One of the reasons which lead to these types of pathetic incidents is that those who defend such things as ‘Freedom of Expression’ have been selective in their defense. Voltaire once said that ‘I may not agree with what you say, but I will defend with my life your right to say it’. That should be the abiding principle. The same people who, very rightly, defend the Boroda student, or M.F Hussein for their right to paint whatever they want should also come to the defense of the Salman Rushdie’s right to publish satanic verses regardless of whether or not they agree with the content of the work.

But of course it’s easy to be idealistic, but what does one expect a government or an authority to do when faced with for example a situation like the ‘Danish cartoons incident’? I don’t think there is a right or wrong answer. I’d vote for pragmatism, but people have to just stop tolerating suppression of expression as if it’s the most natural thing in the world. That’s a weird type of tolerance, not of differences of opinion but of authority and the ‘moral police’ who tells us what’s good and what’s not.

That type of ‘tolerance’ should not be tolerated.

Deane J

Deane is a Core Group member of Beyond Borders Sri Lanka, and an undergraduate student of computing (and many other things) who rarely attends his lectures. He maintains an oddly named blog which he updates with varying frequency.

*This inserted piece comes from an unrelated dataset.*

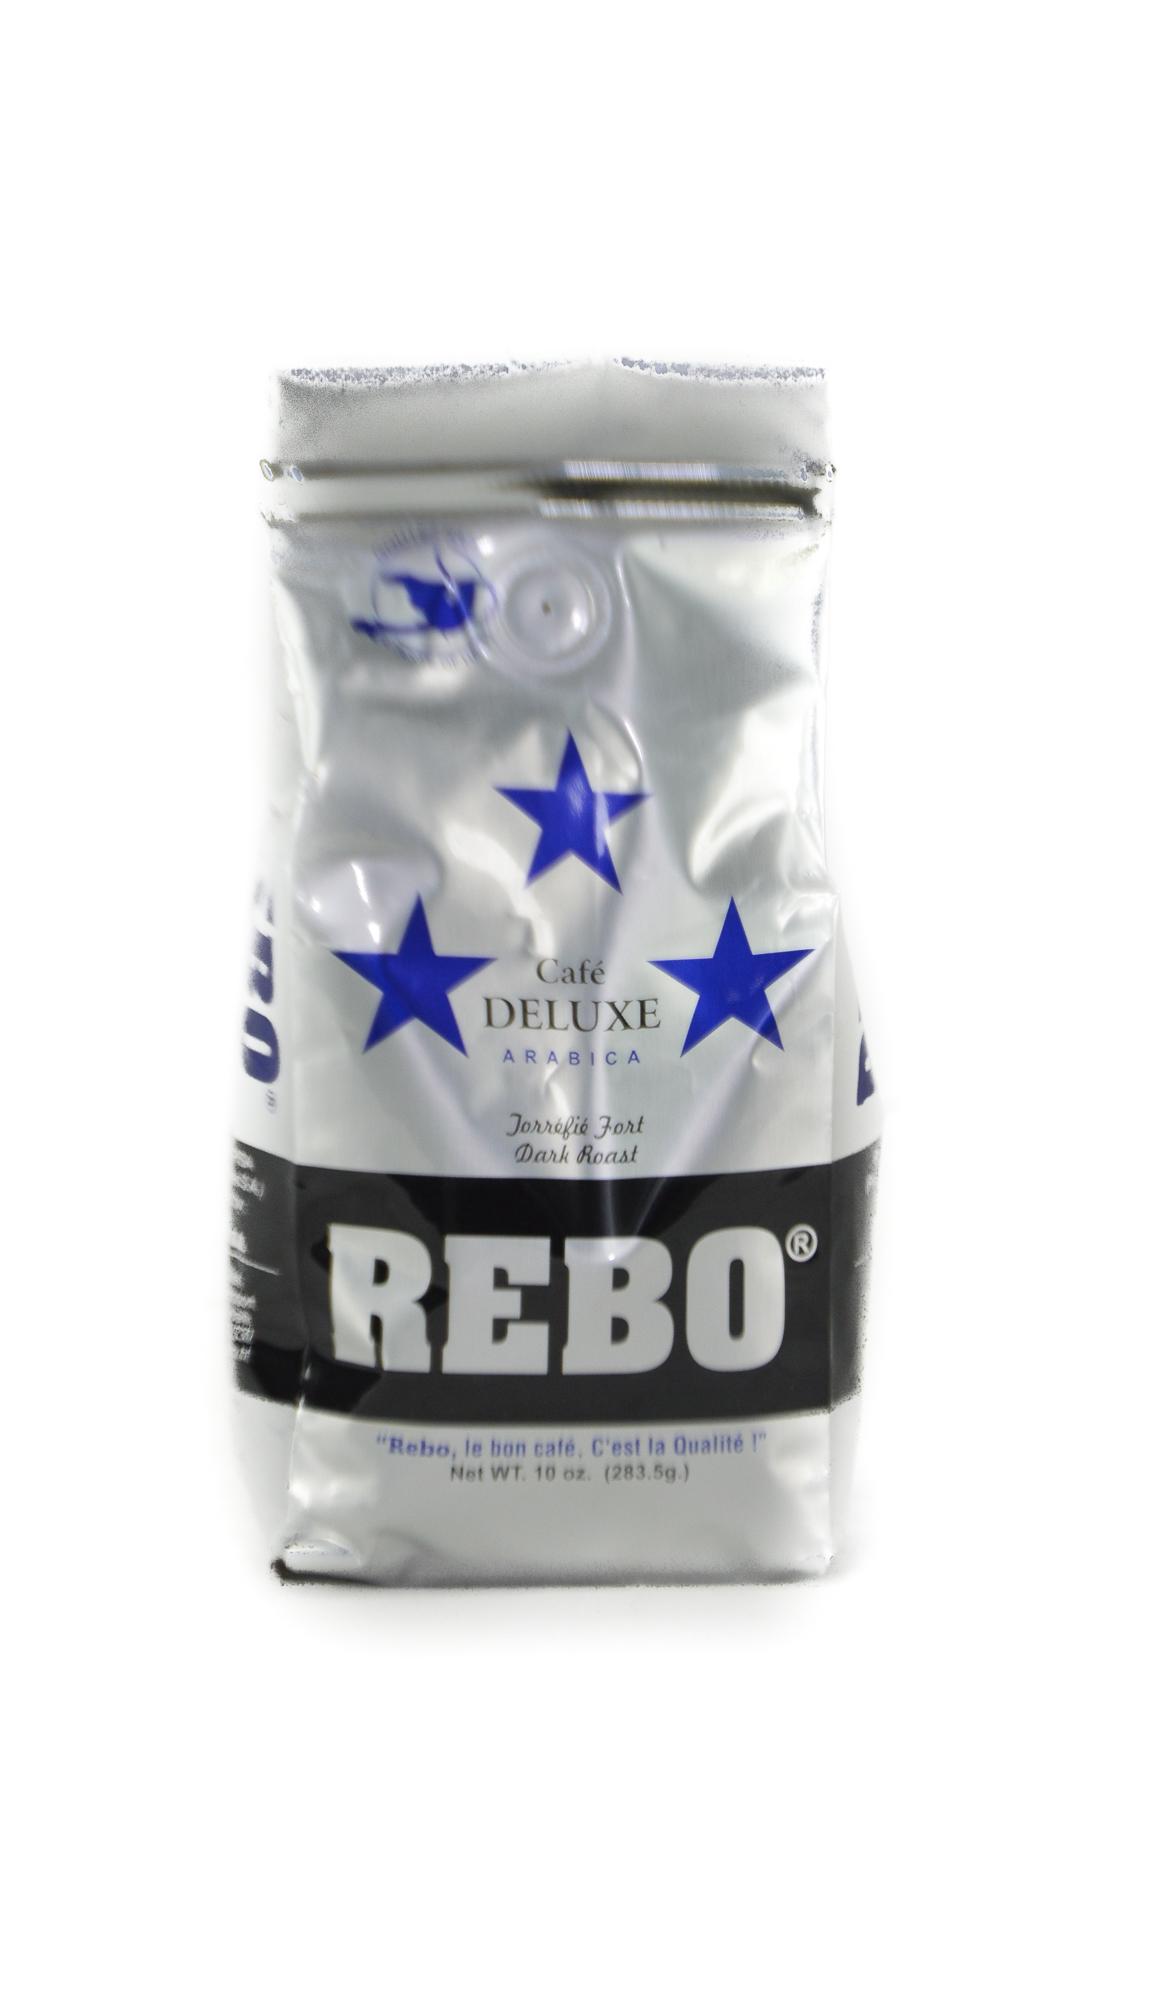 Coffee/Cafe Rebo Deluxe (10 oz)

Disclaimer : opinions expressed here are those  of the writer and may not necessarily coincide with the opinions of Beyond Borders or its partner organisations.

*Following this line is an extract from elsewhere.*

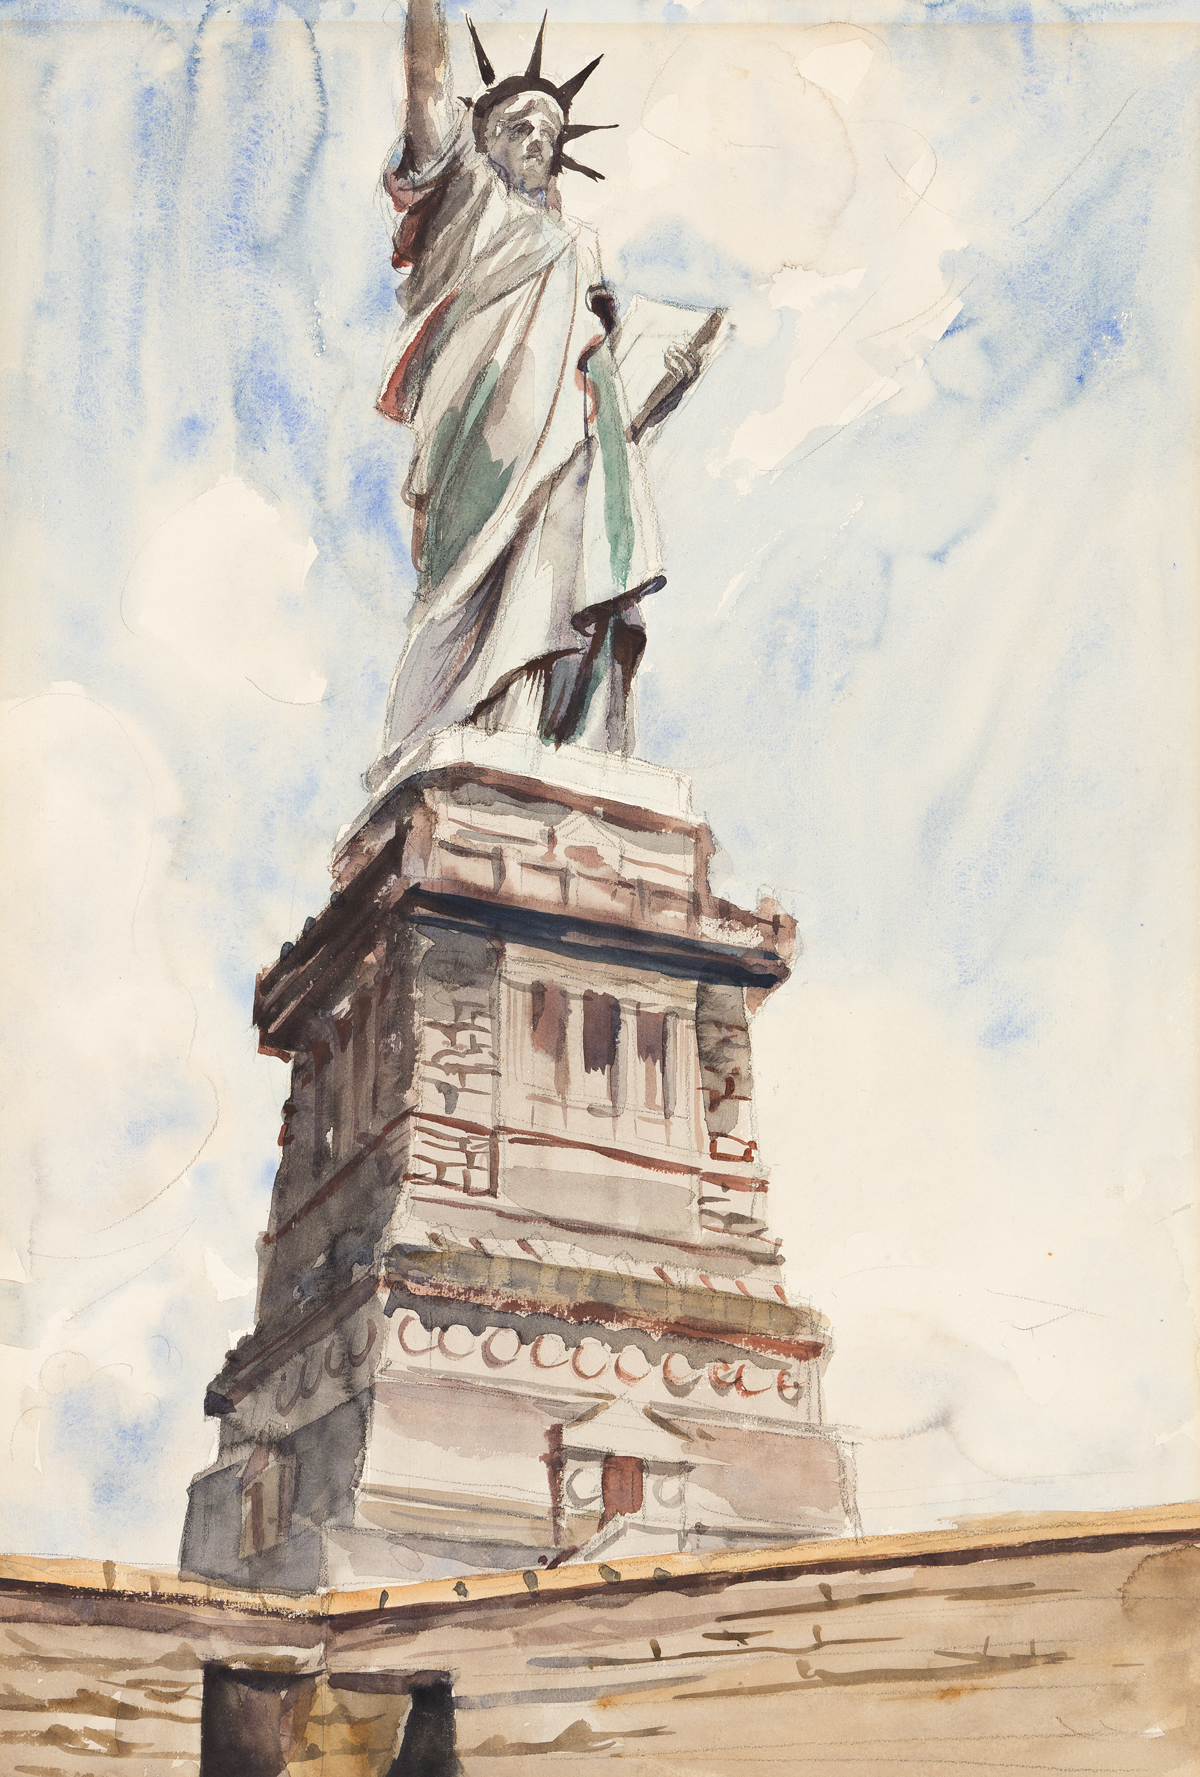 REGINALD MARSH The Statue of Liberty.

Posted on 06/21/2007, in Bangladesh, India, Opinions, Pakistan, Peace-Conflict-Governance, Sri Lanka, UK. Bookmark the permalink. 6 Comments.

  1. “In fact even an Atheist – a believer in the absence of god – would react aggressively if his or her fundamental beliefs are challenged”

    Loved it.

  2. Deane:

    Perhaps a more pertinent example in this regard is the blocking of access to Tamilnet.

    It appears that the great crusaders for freedom of speech/expression have flown the coop just for this instance. Unless steps are taken immediately by such “concerned individuals” the idea that SL consists entirely of majoritarian chauvanists will continue.

    Liked the article though… One other thought though – is Rushdie selling out to a post colonial mentality something he supposedly opposes. Or maybe that’s just me.


  3. Quite right. wrote it before the TN incident.. didnt want to include since it sort of didnt fit in well with the context.. its shocking that i didn’t read a single article in the papers about it.

    Rushdie selling out? well, i think its the queen (plus whatever goes under the cover) who decides these things.. no idea.

  4. Nitish Kaul

    Hey Deane,
    first of all, great work. The text invokes a lot of spirits within, good and bad both. Well, i think the problem is more basic and prevalant in our daily lives than the examples cited. I, being an Indian, having seen the Indian society to an extent, if not too closely, can say that the “Freedom to express” is taken away from the child at a very young age. Most of the engineers and doctors, are into their respective professions, because their parents wanted them to be there. A child being told that he must have his milk or else the Ghost who lives on the terrace will come to him at night, what will you call this? Is’nt this breach of “Freedom of Expression”? Isnt this showing no tolerance to what the child thinks is right for him?
    Someday, i hope we find the answer, atleast at our indivdual levels.

  5. Interesting point you make, Nitish. about kids not being able to make choices for themselves, the point is of course that many would not consider them ‘mature’ enough to make these kinds of decisions. of course in our south-Asian societies we will never be ‘mature’ enough for our parents..

    btw, ‘Doctor-Engineer-lawyer’ thing is very much practiced here as well..

  6. Well he wasn’t going to win any awards for attractiveness, that’s for sure.